Qui pour garantir la paix ?

L’information a fait la une de nos principaux journaux. Le chef de l’Etat, le Docteur Yayi Boni a reçu en audience les trois anciens Présidents de la République Mathieu Kerekou, Nicéphore Soglo et Emile Derlin Zinsou. On prête à cette rencontre l’objectif d’apaiser les tensions qui rythment la vie politique de notre pays en ce moment. Les trois leaders devraient en faire de même avec les ténors de l’opposition. C’est ce qui est prévu.

Sauvegarder à tout prix la paix surtout en cette veille de joute électorale. Gageons que leur aura suffise à tempérer les ardeurs de tout un chacun. A voir l’actualité du moment, le pari est loin d’être gagné !
Si l’initiative n’est pas nouvelle il n’en demeure pas moins qu’elle est plutôt la bienvenue, les échanges de nos acteurs politiques tendant de plus en plus vers le jusqu’au-boutisme. Encore qu’il faille que cette démarche soit dénuée de tout arrière- pensée politicienne. En effet il n’est pas tout à fait exclu qu’on n’ait pas assisté là à un véritable jeu de dupes, tant toute occasion paraît bonne à exploiter dans l’optique des prochaines élections présidentielles.

Toutefois, il n’est pas sûr que ce soit celui qui ait prit le premier l’initiative qui puisse en tirer un quelconque bénéfice. En l’occurrence, autant Yayi Boni peut se prévaloir ainsi par ce geste d’être celui qui se soucie le plus de préserver la paix sociale, autant cette audience pourrait être interprétée comme un aveu d’impuissance.
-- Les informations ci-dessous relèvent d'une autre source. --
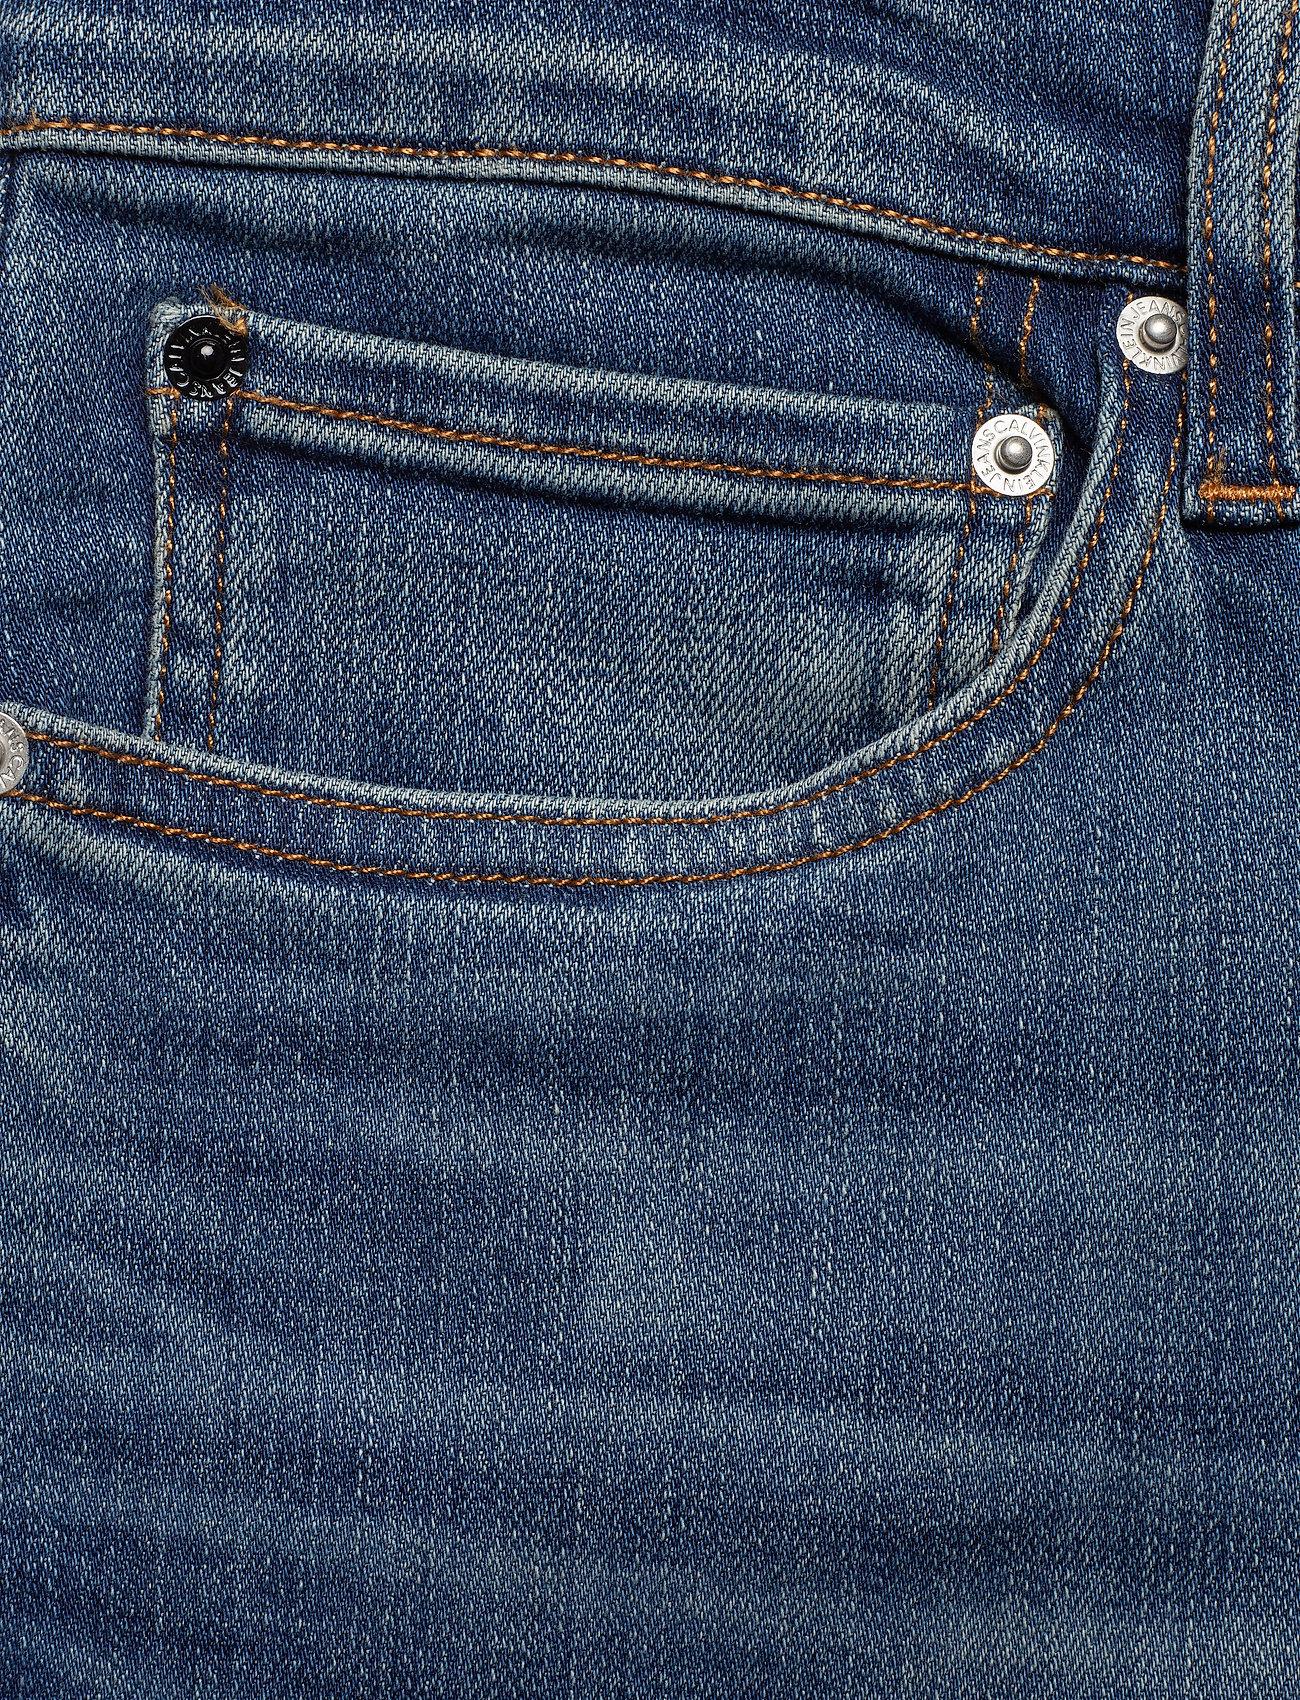 Klein Ckj Slimsacajawea Jeans BlueCalvin 026 lc51TuFK3J

C’est dire que chacun a de quoi tirer la couverture à soi.

Ce constat ayant été fait, il y a un aveu d’impuissance plus général celui-là du système dans son entièreté. En effet, prévenir de toutes dérives pouvant remettre en cause la quiétude des populations, rappeler les règles du jeu démocratique, servir de garde-fou, tels sont entre autres des rôles dévolus aux institutions issues du projet politique choisi par notre pays et ce en toute conscience.
C’est dire que la sauvegarde pérenne de la paix échoit en premier lieu aux institutions.
Si le recours aux interventions ponctuelles de nos anciens présidents à l’instar de celles plus régulières des chefs religieux ou autres chefs traditionnels peut incliner les actions des différents acteurs politiques à plus de retenue et apaiser par de même l’opinion publique, il n’en demeure pas moins vrai que notre architecture démocratique s’en trouve autrement plus fragilisée.
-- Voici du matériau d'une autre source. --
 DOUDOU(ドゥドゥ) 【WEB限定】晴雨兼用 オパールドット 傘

Les institutions de la République doivent être la véritable soupape de sécurité de notre démocratie.D’autant plus que dans le cas présent, le «trio faiseur de paix » (je m’autorise un brin de provoc !) ne peut s’affranchir de couleurs politiques. En effet, seul Kérékou dans cette affaire pourrait se départir de toute appartenance politique. Du moins, factuellement. Et de fait, l’impartialité de leur intervention pourrait légitimement être sujette à caution. Autant de pompiers de service pour autant de potentiels pyromanes !
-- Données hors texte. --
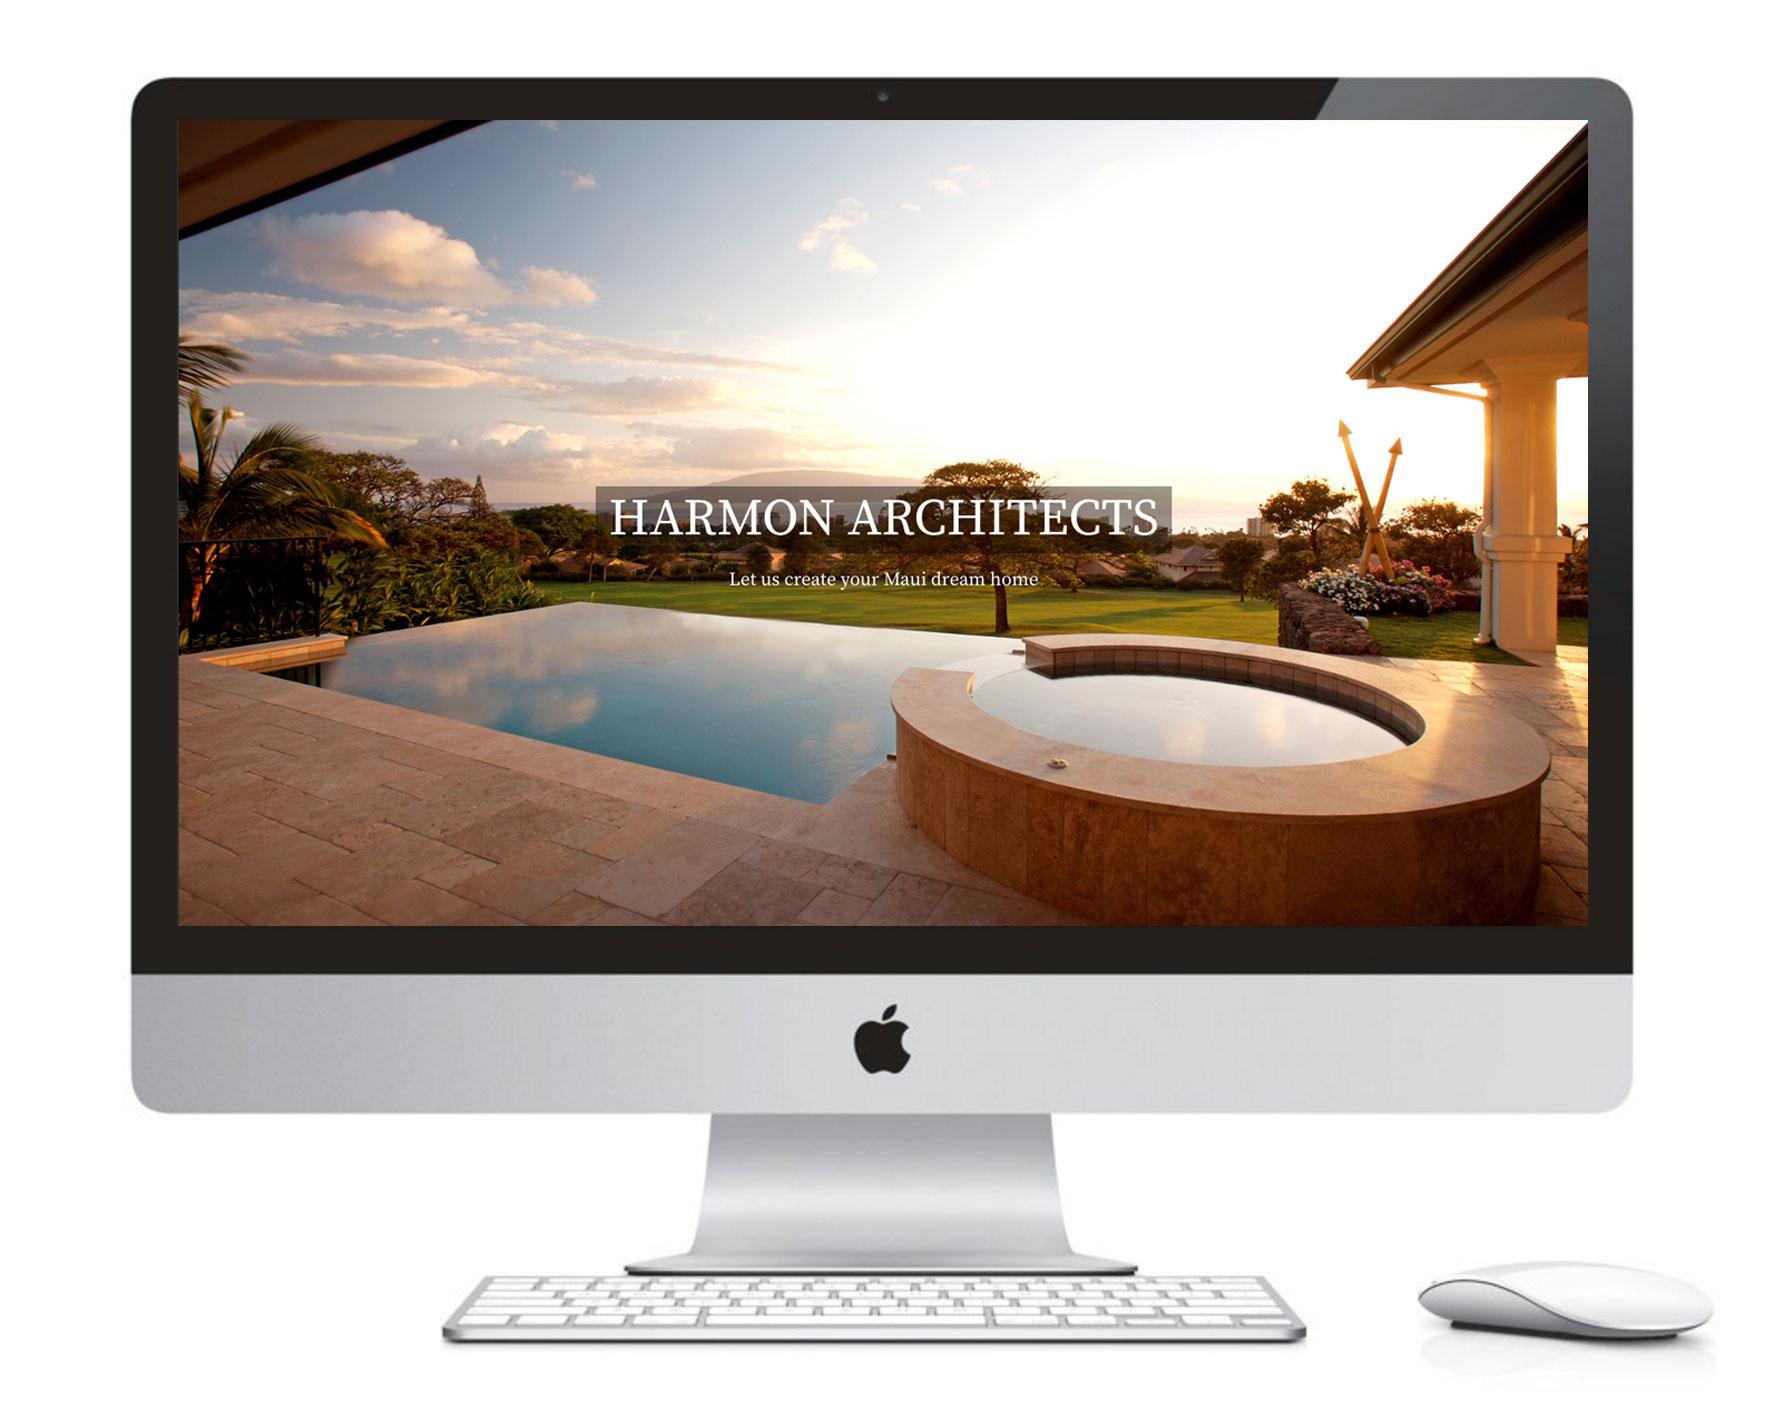 Harmon Architects

Par ailleurs, ni les chefs religieux, ni les chefs traditionnels ne peuvent plus se mettre au dessus du lot. La faute à de trop nombreuses accointances avec le milieu politique et les milieux d’affaires. Ils ont fini par y prendre goût comme dirait l’autre. La corruption a gagné les rangs. Ce qui leur confère une capacité de nuisance encore plus grande proportionnellement à leur degré d’influence dans une population en majorité analphabète et miséreuse.

Il faut se résoudre à admettre que ce qui a fait recette hier ne serait plus d’actualité aujourd’hui. Notre système a su cultiver jusqu’ici une très belle particularité : la reconnaissance de la prépondérance des anciens, de la chefferie et des religieux en termes d’opinions. Rien de plus normal ! Ce n’était que le reflet de notre culture. Mais depuis, l’impartialité qui crédibilisait leurs prises de position n’est plus si évident.

Mais heureusement nous avons fait un choix : celui de la démocratie. Il est donc temps que les institutions que nous avons mises en place et jugées garantes de l’intérêt général puissent enfin jouer pleinement leur rôle et ce au-delà de tout soupçon. Le système est fragile. Nos institutions sont faibles ou sont affaiblies. C’est selon. Et Il n’y a rien de plus dangereux en démocratie.
Aura -t-on besoin que la situation explose avant de s’en rendre compte ? Çà n’arrive pas qu’aux autres.